Whether you call it hospice care or palliative care, the results are clear to me that it is all compassionate care.

Charts can never reflect the reality of the situation.  I used to sit in peer committees and notice a patient would perhaps be placed into palliative care at noon, medications such as opiates started, and the patient would pass away by 6pm.  My previous perception was Wow-  that was certainly fast!   But the reality is it was an eternity for the patient and family.  The chart barely reflects the struggle the patient must have had during the days prior, or the pain the patient was experiencing that day.  The chart also does not reflect the family’s grief and distress watching their family member struggle to make the transition to the afterlife and does not reflect the fear of the patient while the body simply would not give up.  

We have been given these wonderful bodies which have a function of supporting our souls.  What I have witnessed is sometimes the soul is ready, yet the automatic functions of this amazing body are not yet ready to quit.  Just as we have incredible medical interventions saving life, we need to appreciate some of our simple interventions assisting patients in transitioning out of this life.

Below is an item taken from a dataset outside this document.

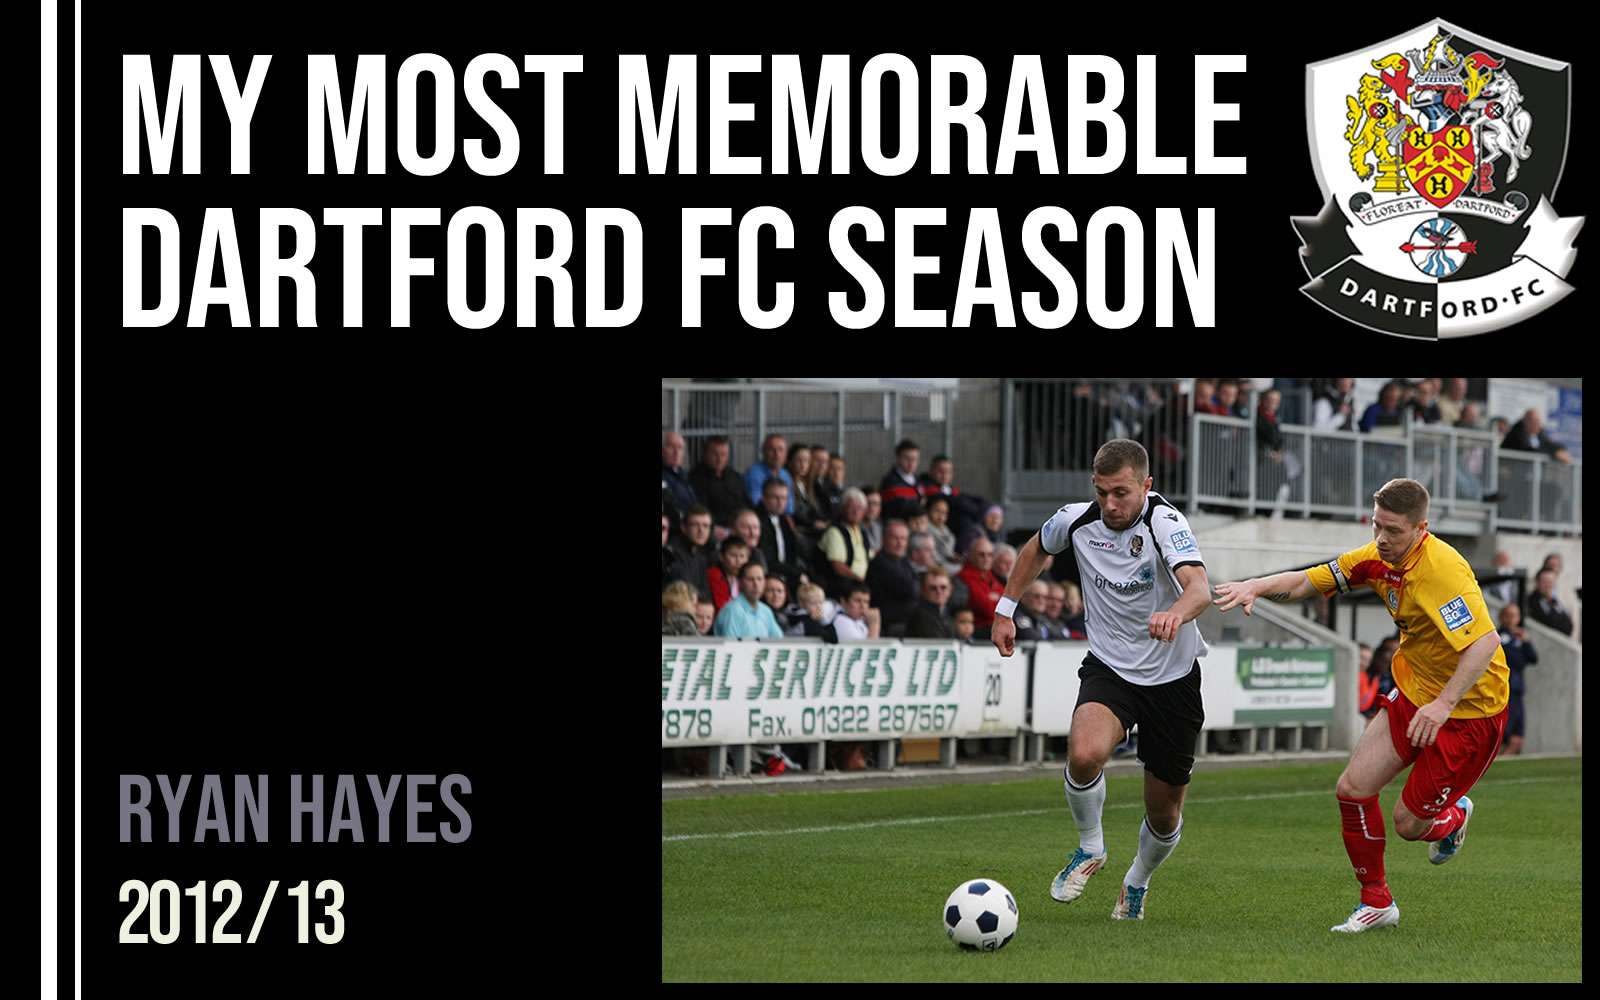 My Most Memorable Season - Ryan Hayes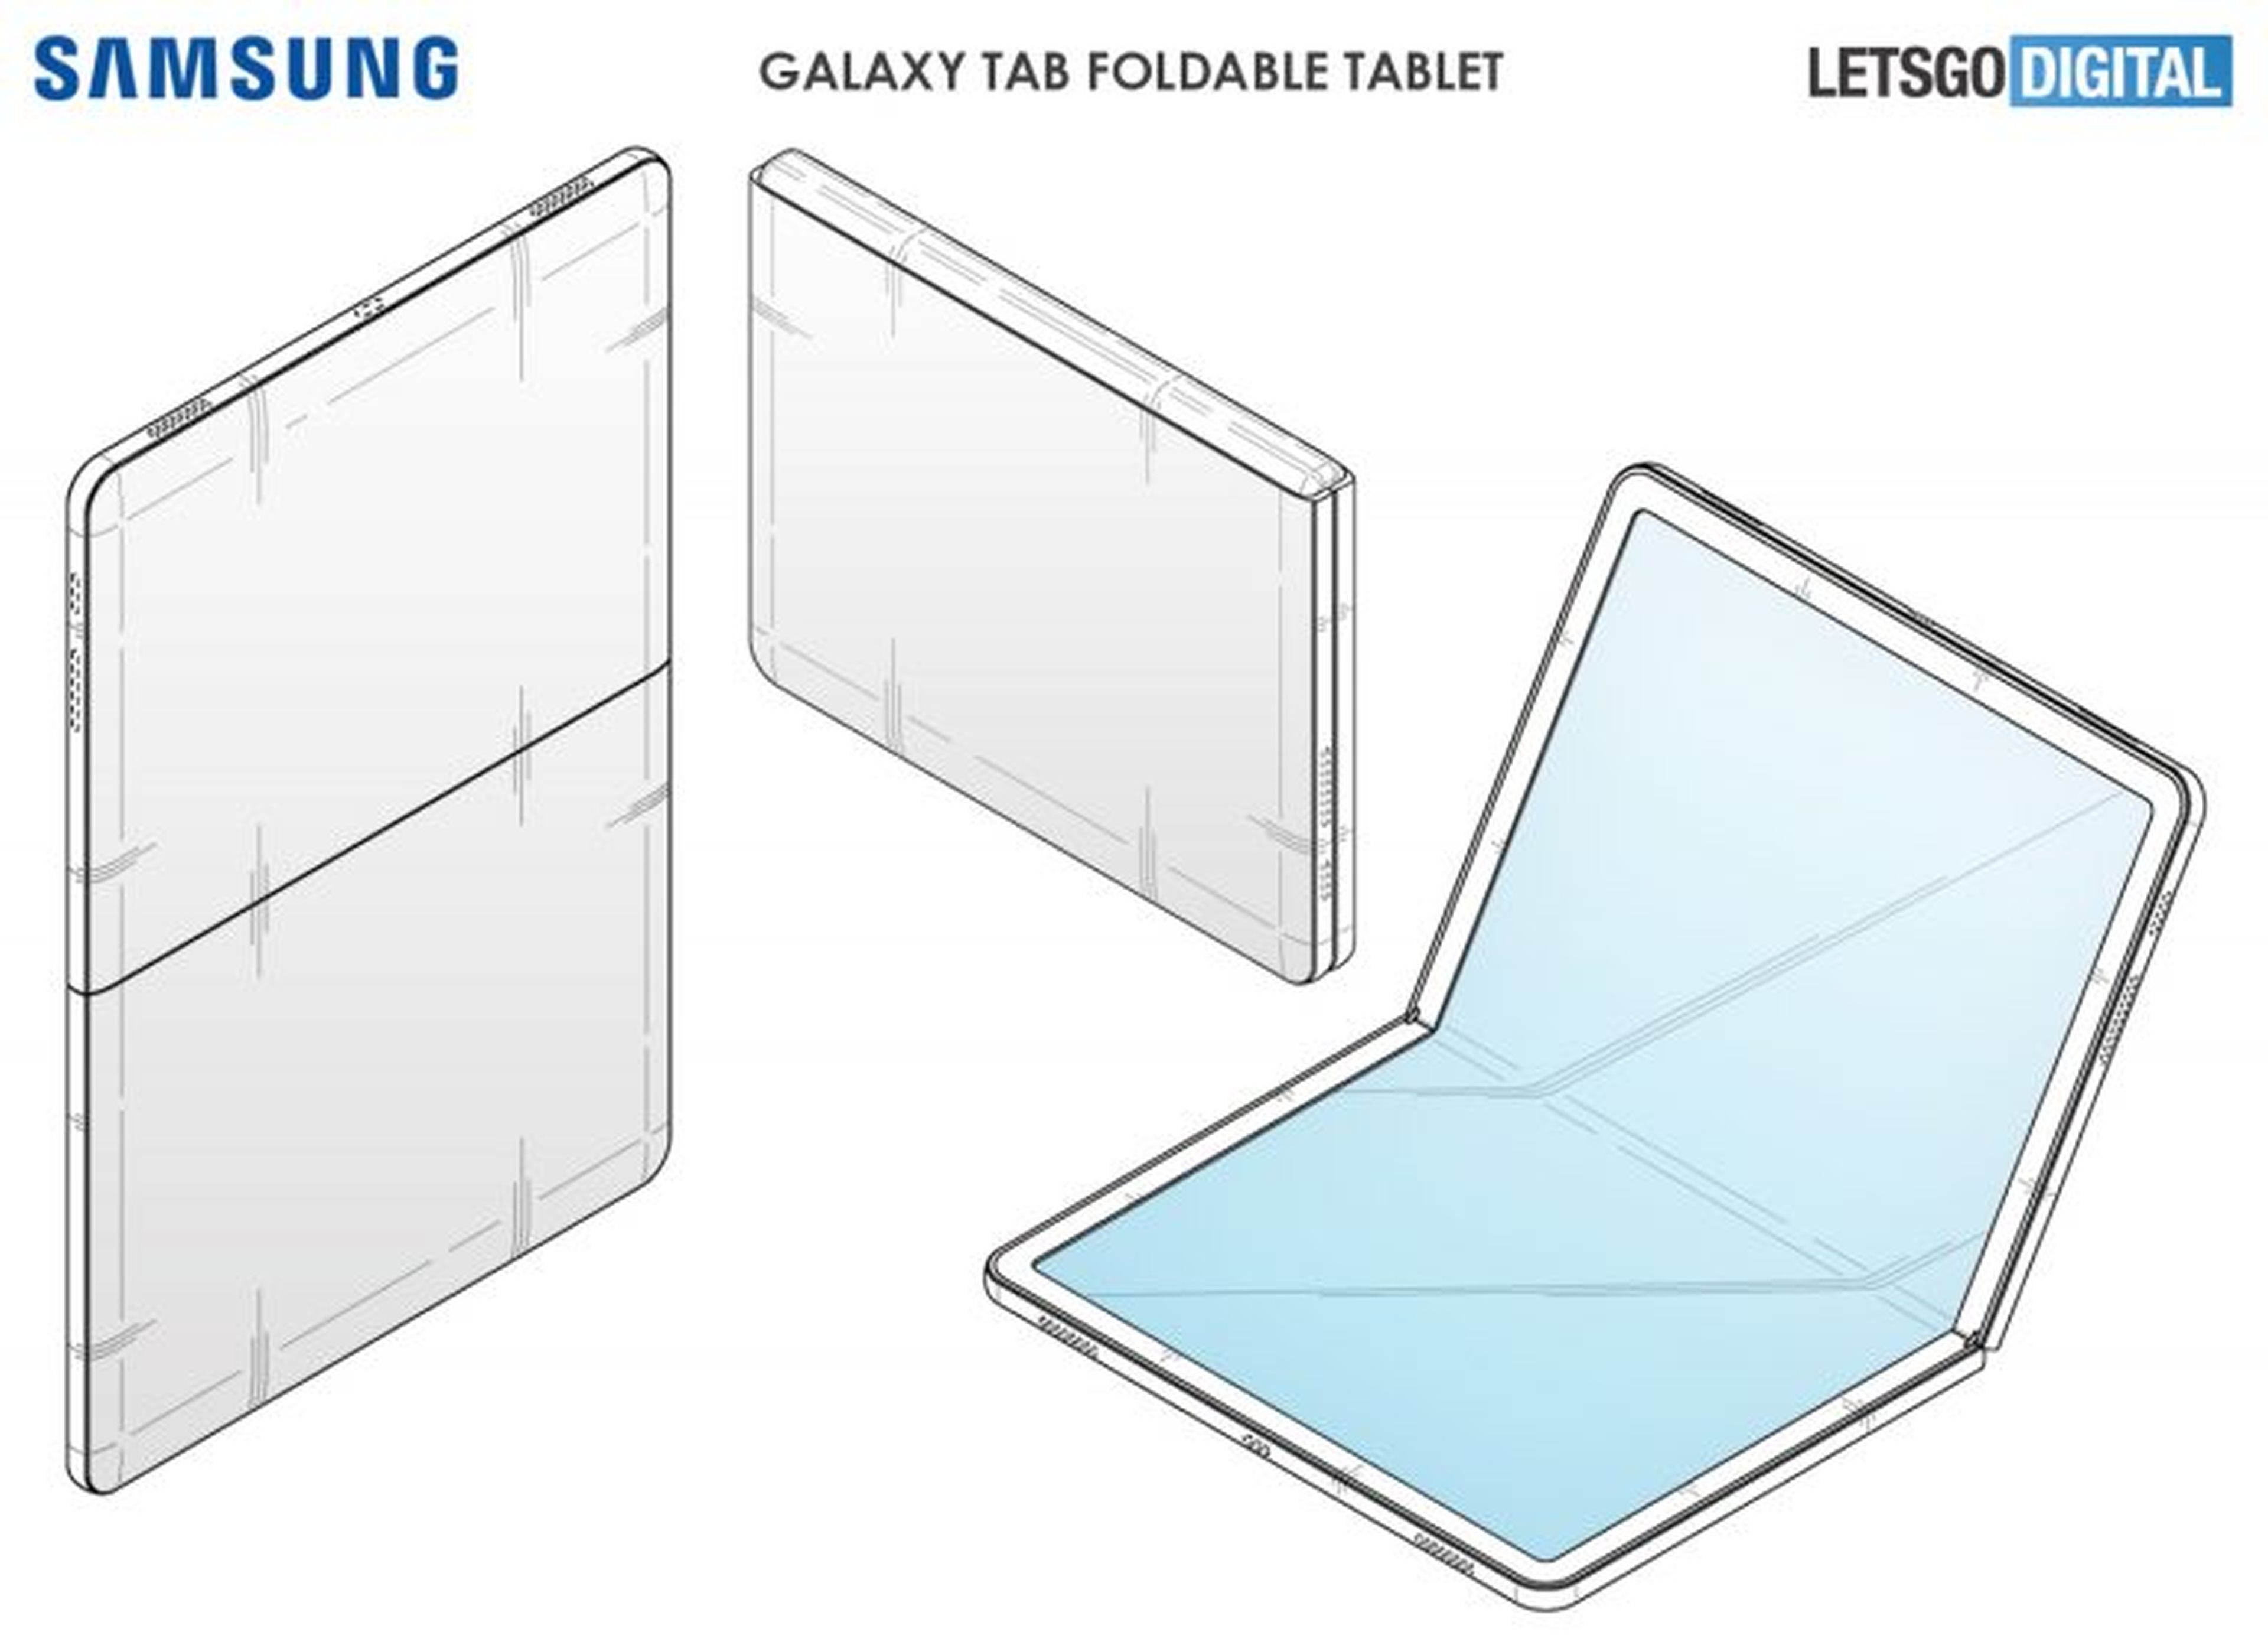 Samsung Galaxy Tab plegable boceto

“No one dies alone” now has a new meaning.  I applaud our nursing staff during this time of a pandemic who chose to take on this motto and vision.  Especially since most of these nurses were not previously practicing hospice care nurses but found this role necessary during this pandemic.  It shows the ultimate example of compassion any nurse can share with a human being to choose this end of life role and hold a patient’s hand during this dying process.  It is also a blessing for anyone to have a career where this moment can be shared with either the patient or the family. 

I am now a believer that hospice and palliative care nurses, or any other nurses who incorporate palliative care techniques, are truly angels in helping patients leave the automatic functions of our body and allow the soul to move on with its memories.

-Mark Elliott, MD, MBA


  1. Very nice comments about your Mother-In-Law. Sounds like she lived quite a life and loved her family very much. Hope you are doing okay.